**WHAT TO PRODUCE**
What you return should be only the lines starting at the one that contains "Kids-n-fun.com | Coloring" and running to the end of the listing, exactly as written, minus any pictures.
[DATA SECTION Boundary: Start]
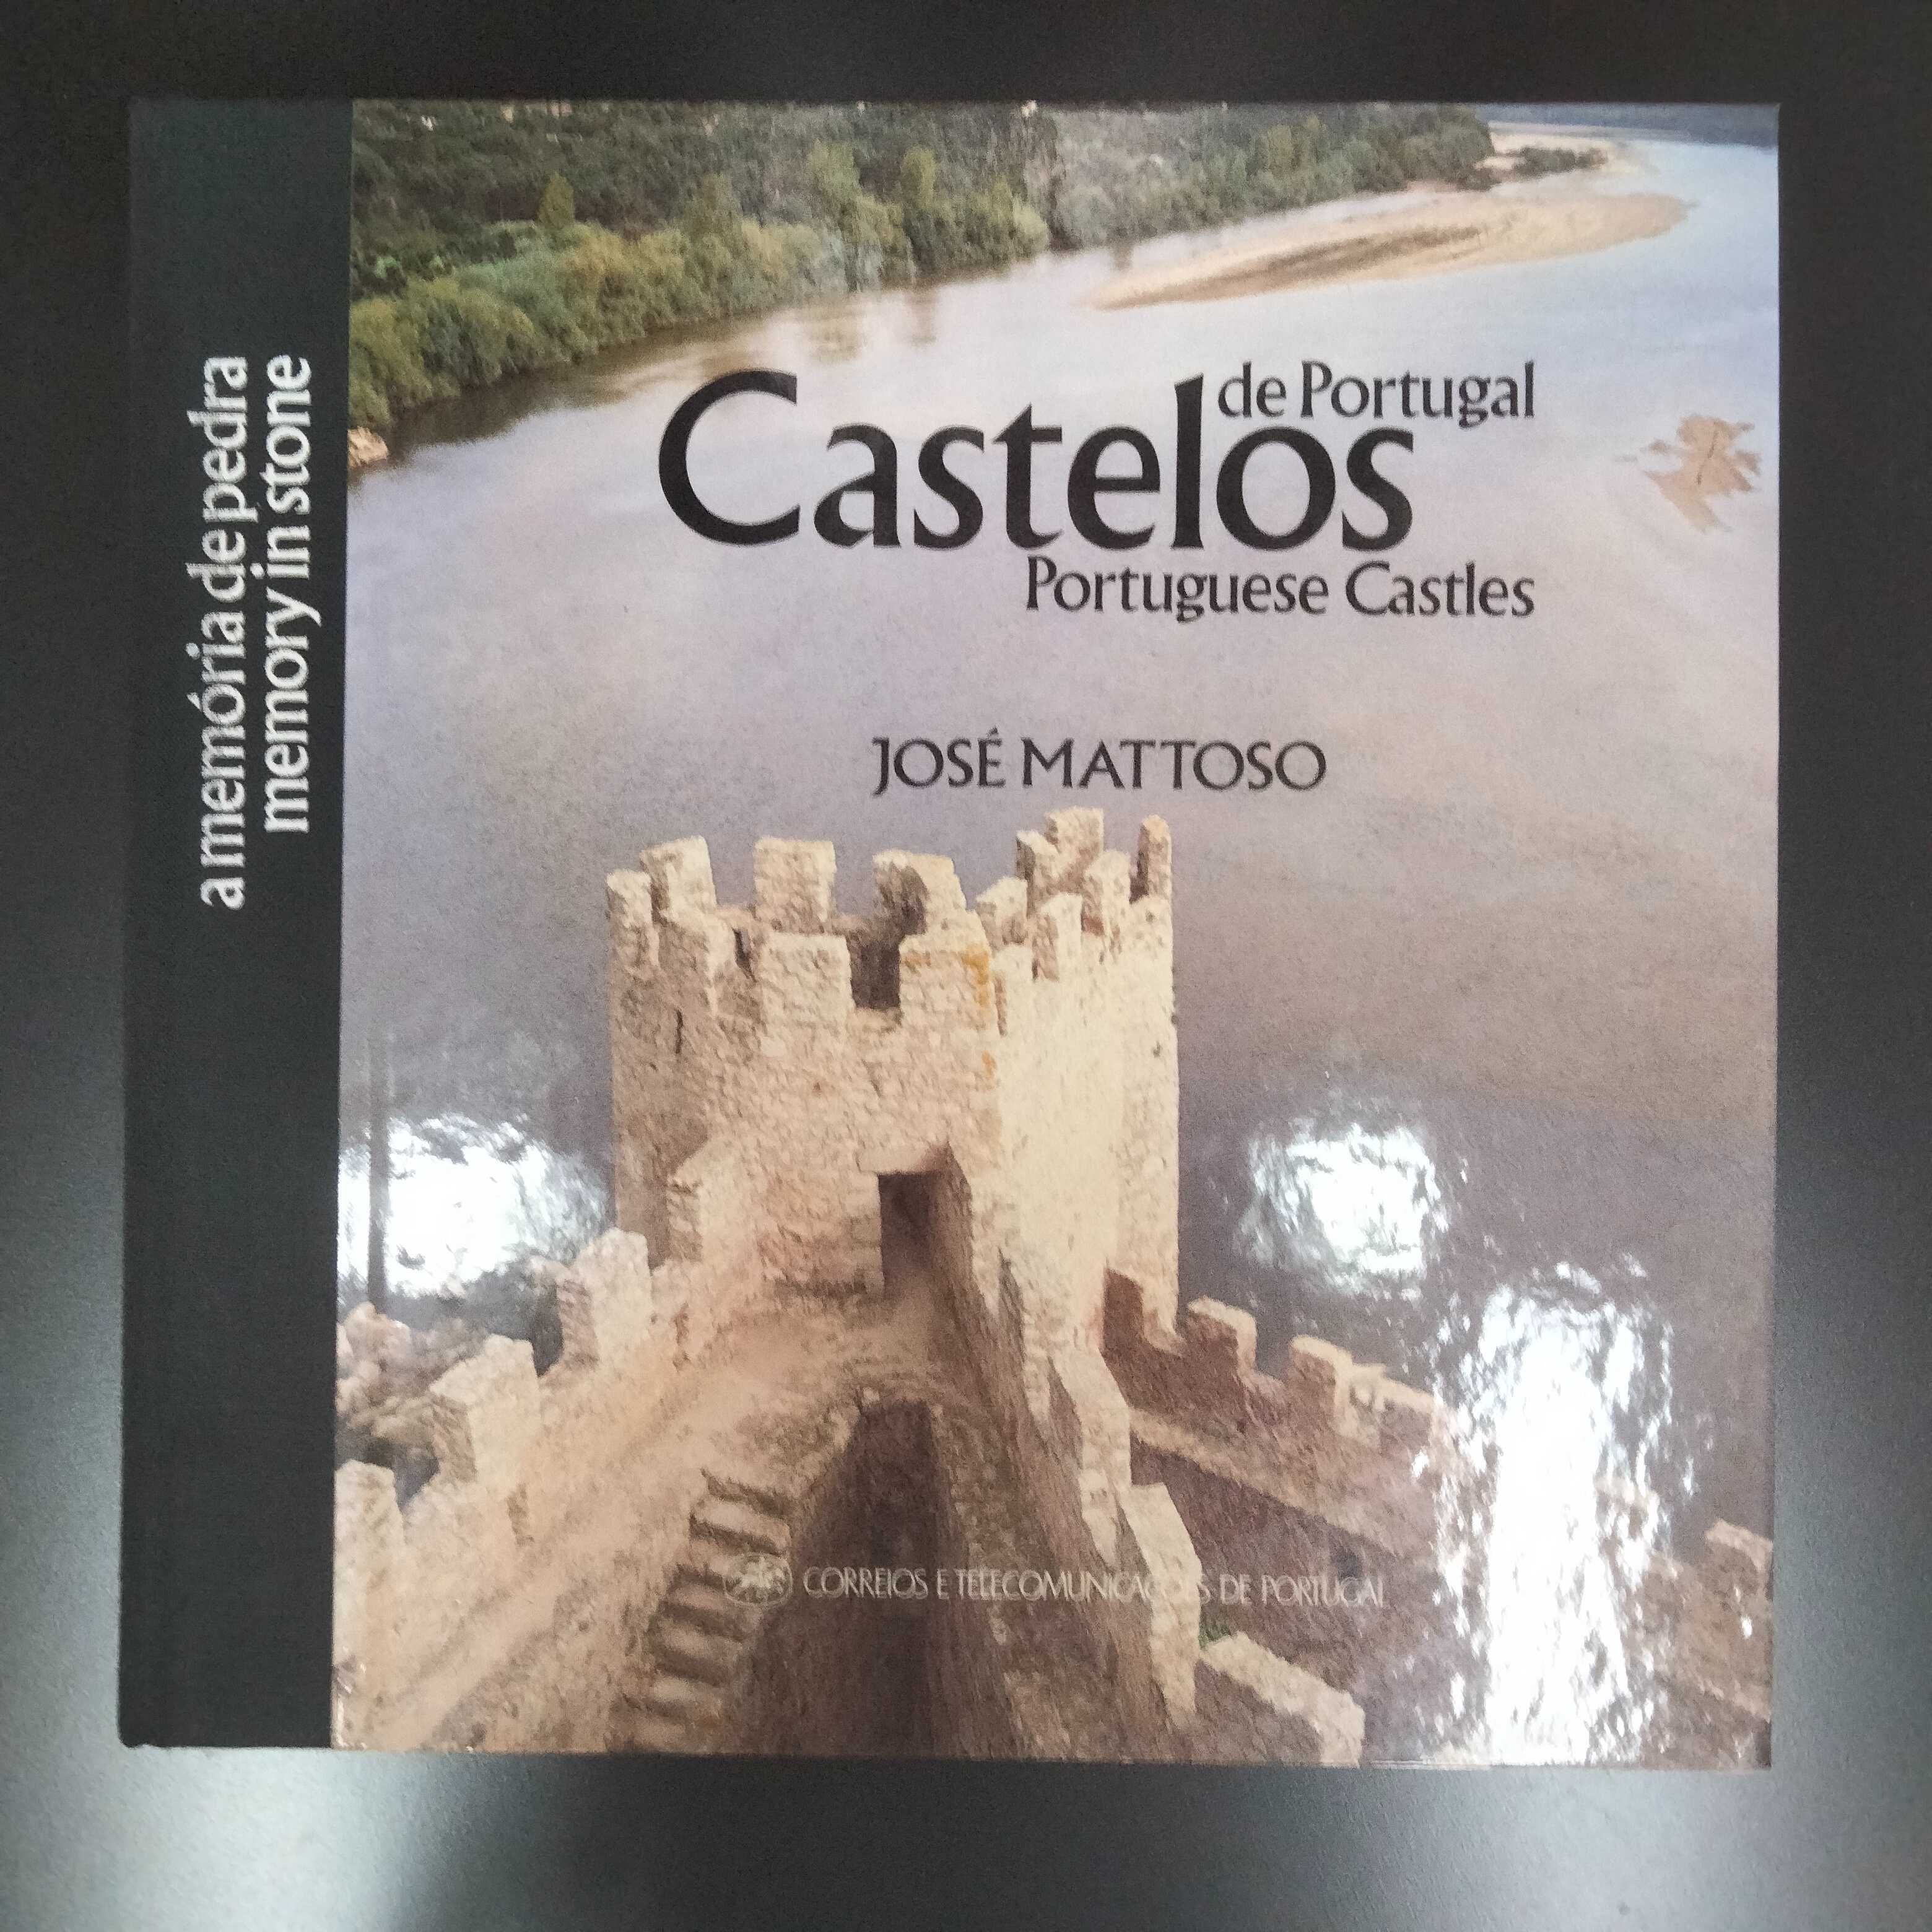 Castelos de Portugal - José Mattoso  (Ed. CTT)
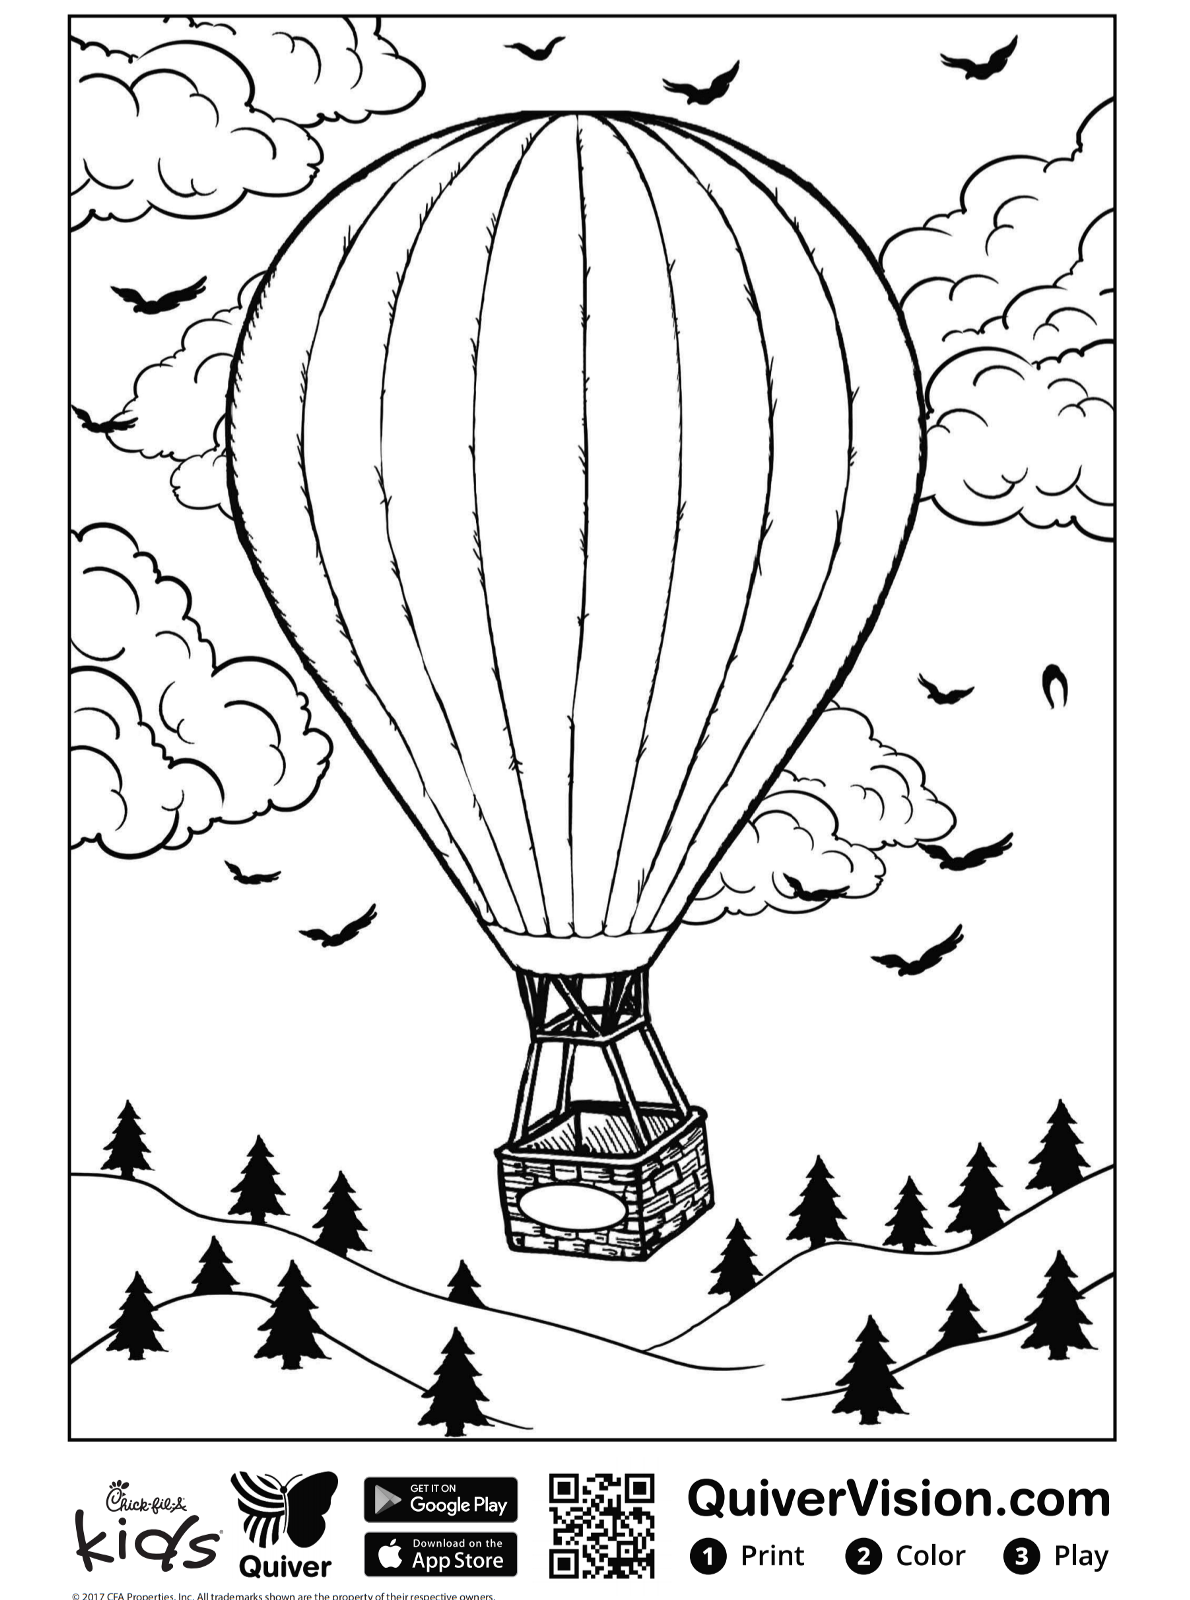 Kids-n-fun.com | Coloring page Quiver Hot air balloon
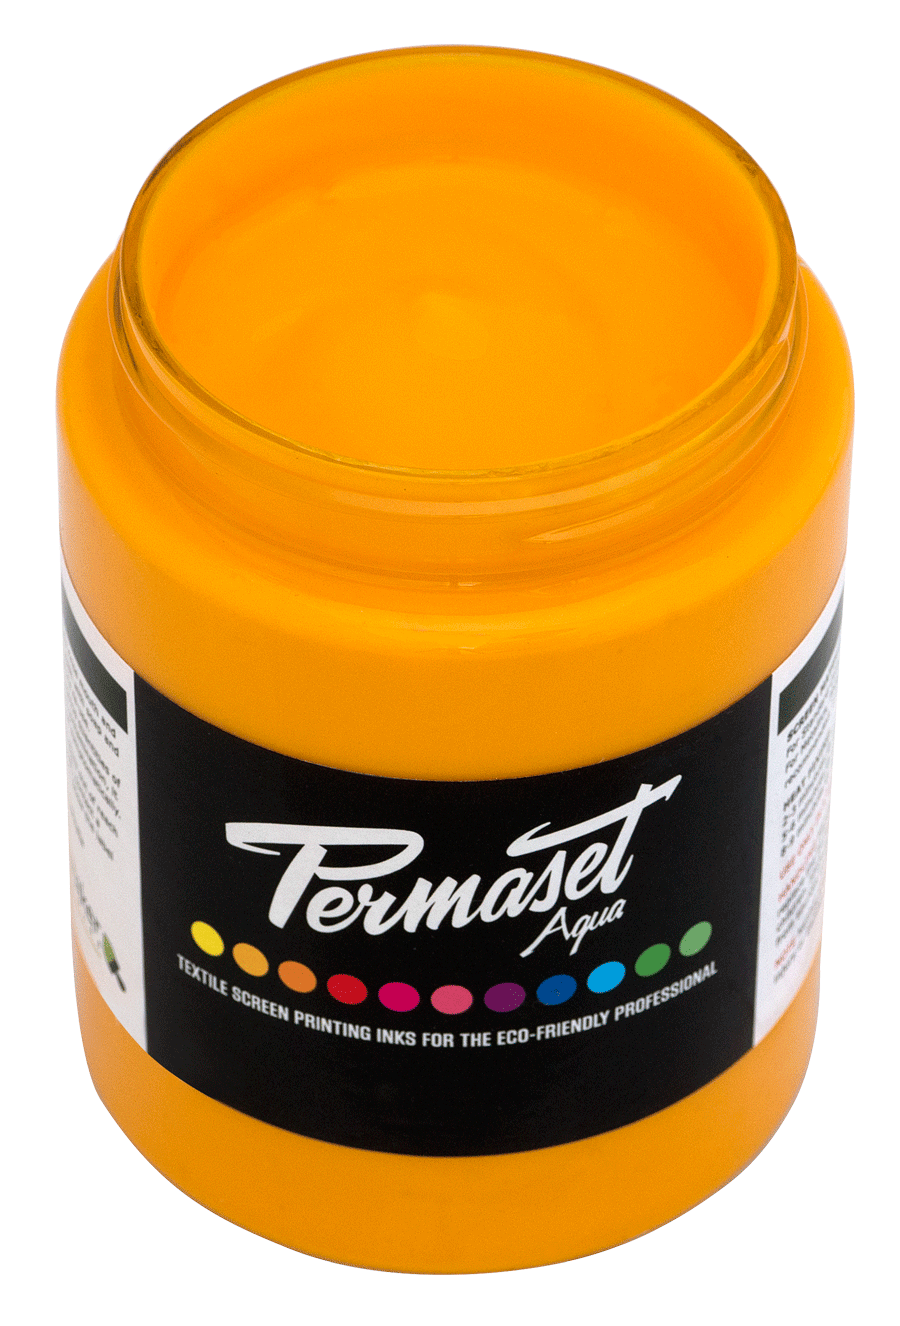 Permaset Aqua Ink - Yellow R
[DATA SECTION Boundary: End]
**RESPONSE BOX**
 Kids-n-fun.com | Coloring page Quiver Hot air balloon
 Permaset Aqua Ink - Yellow R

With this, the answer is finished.